Say you wait for two multistep Poisson processes to arive. The individual steps of each process happen at the same rate, but the first multistep process requires $$\alpha$$ steps and the second requires $$\beta$$ steps. The fraction of the total waiting time taken by the first process is Beta distributed.

## Parameters

There are two parameters, both strictly positive: $$\alpha$$ and $$\beta$$, defined in the above story.

## Support

The Beta distribution has support on the interval [0, 1].

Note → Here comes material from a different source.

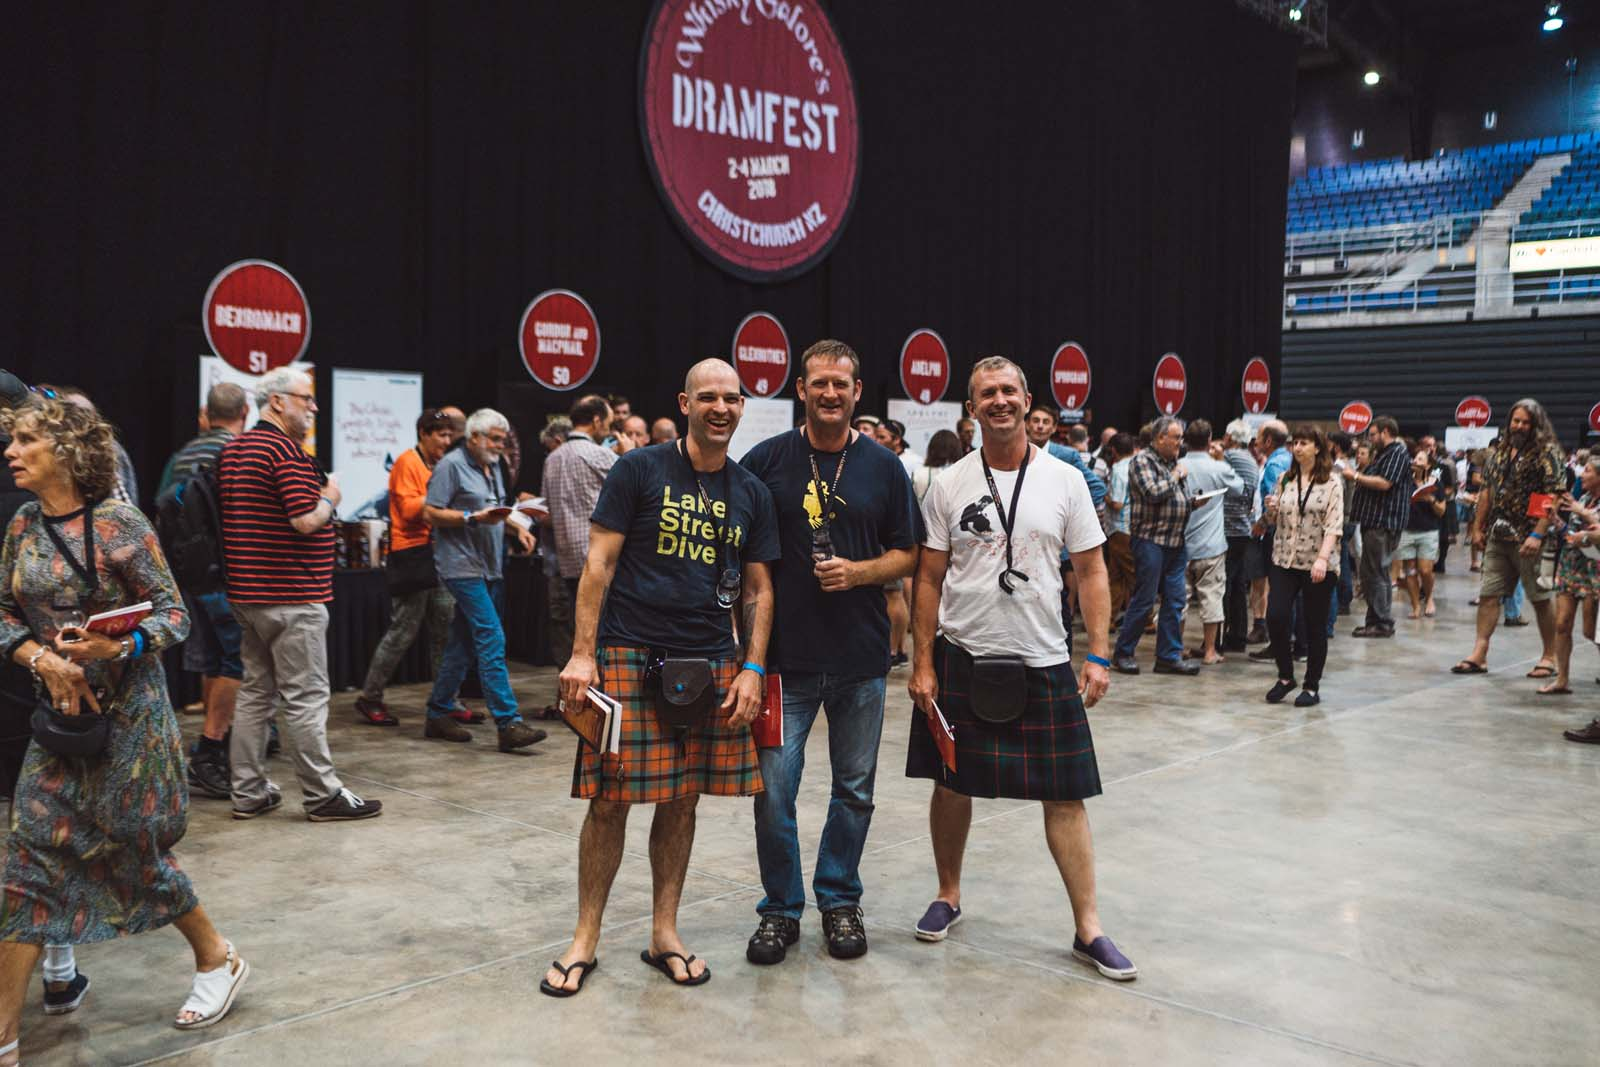 Dramfest 2018 for Whisky Galore-301.jpg

## Probability density function

\begin{align} f(\theta; \alpha, \beta) = \frac{\theta^{\alpha-1}(1-\theta)^{\beta-1}}{B(\alpha, \beta)}, \end{align}

where

\begin{align} B(\alpha, \beta) = \frac{\Gamma(\alpha)\,\Gamma(\beta)}{\Gamma(\alpha + \beta)} \end{align}

is the Beta function.

## Moments

Mean: $$\displaystyle{\frac{\alpha}{\alpha + \beta}}$$

Variance: $$\displaystyle{\frac{\alpha\beta}{(\alpha + \beta)^2(\alpha + \beta + 1)}}$$

## Usage

Package

Syntax

NumPy

rg.beta(alpha, beta)

SciPy

scipy.stats.beta(alpha, beta)

Stan

beta(alpha, beta)

## Notes

• The story of the Beta distribution is difficult to parse. Most importantly, the Beta distribution allows us to put probabilities on unknown probabilities. It is only defined on $$0 \le \theta \le 1$$, and $$\theta$$ here can be interpreted as a probability, say of success in a Bernoulli trial.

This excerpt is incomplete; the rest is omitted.